Here's the deal, and hang on because this is going to get bumpy . .

XP Pro does use natively the NTFS sector format NOT the DOS format ME uses natively to read from and write to the hard drive.

~However~

to address legacy issues (all other versions of windows except 2000 and XP) XP is also, and this is important; capable of using the DOS sector format.

Here is where things get dicey!

XP is a native 64bit application. NO other Windows version is - even 2000 Pro. Thus ~anything and everything~ it does while working with less than 64 bit data or program files must be run through "translators" or "converters".

Micro$oft is having a lot of trouble with the converters for boot sector and file system format.

In order to do as you have stated *reliably*, XP will have to be installed on a CLEAN PARTITION on your 80 gig drive.
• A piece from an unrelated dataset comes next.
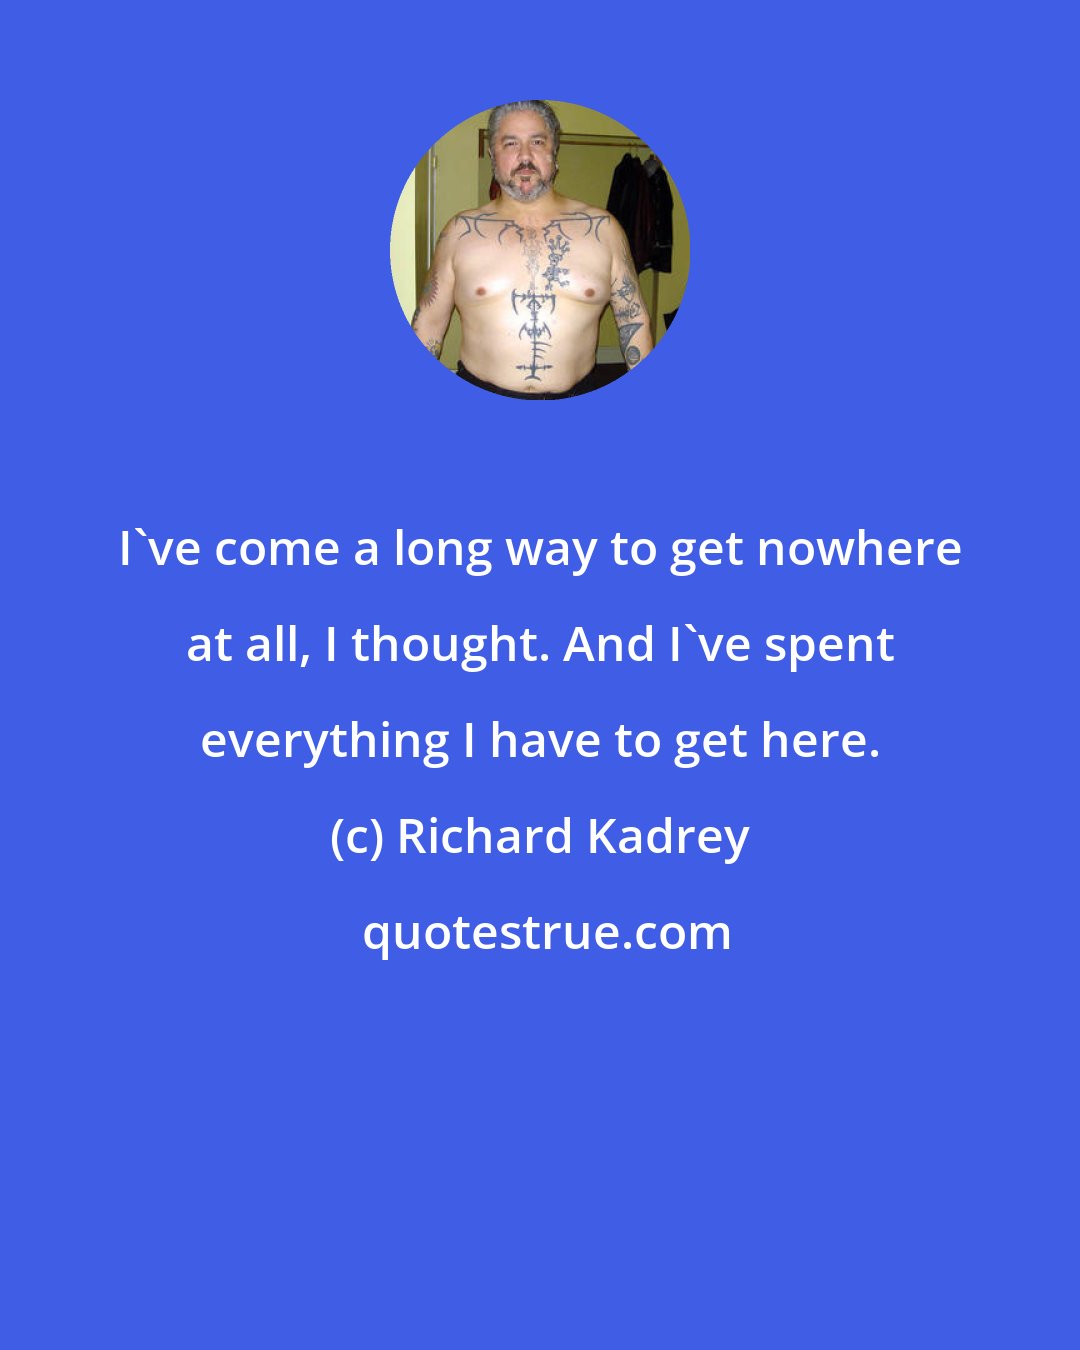 Richard Kadrey: I've come a long way to get nowhere at all, I thought. And I've spent everything I have to get here.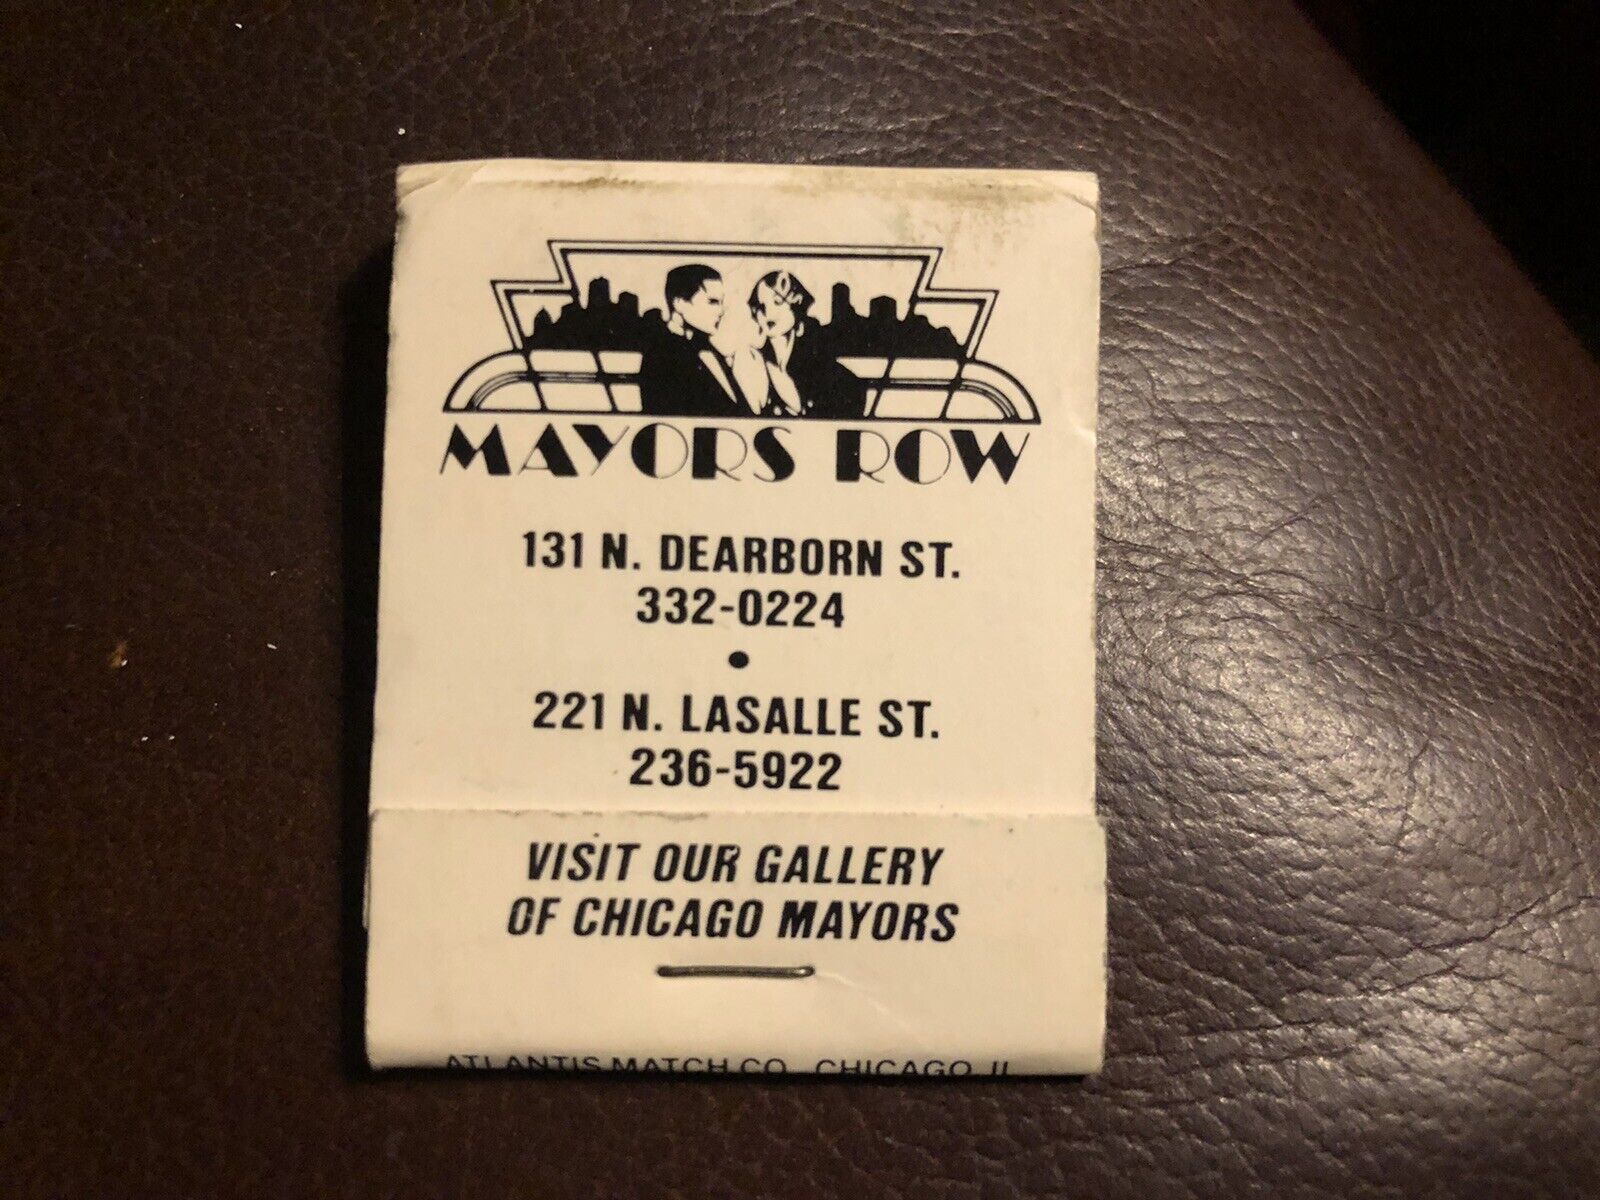 Mayor’s Row, Chicago, IL, Full Unstruck Matchbook

Unless you have Partition Magic or something similar installed or a clean NTSF partition already established you can count on problems.

. . oh, and in case you don't already know it, virtually NONE of your applications will work by simply pulling them onto the "new XP drive" from the old ME one.

My friend, you need an in house LAN. Copy the whole dang drive to another computer. Do what you want to do to that drive, and when you are allllll done, copy back what you wanted from the network machine. ~that'll work~ if what you are ultimately after is only the data files.

HTH.
 

Last edited by ctfuzzy; Dec 17, 2003 at 02:58 PM.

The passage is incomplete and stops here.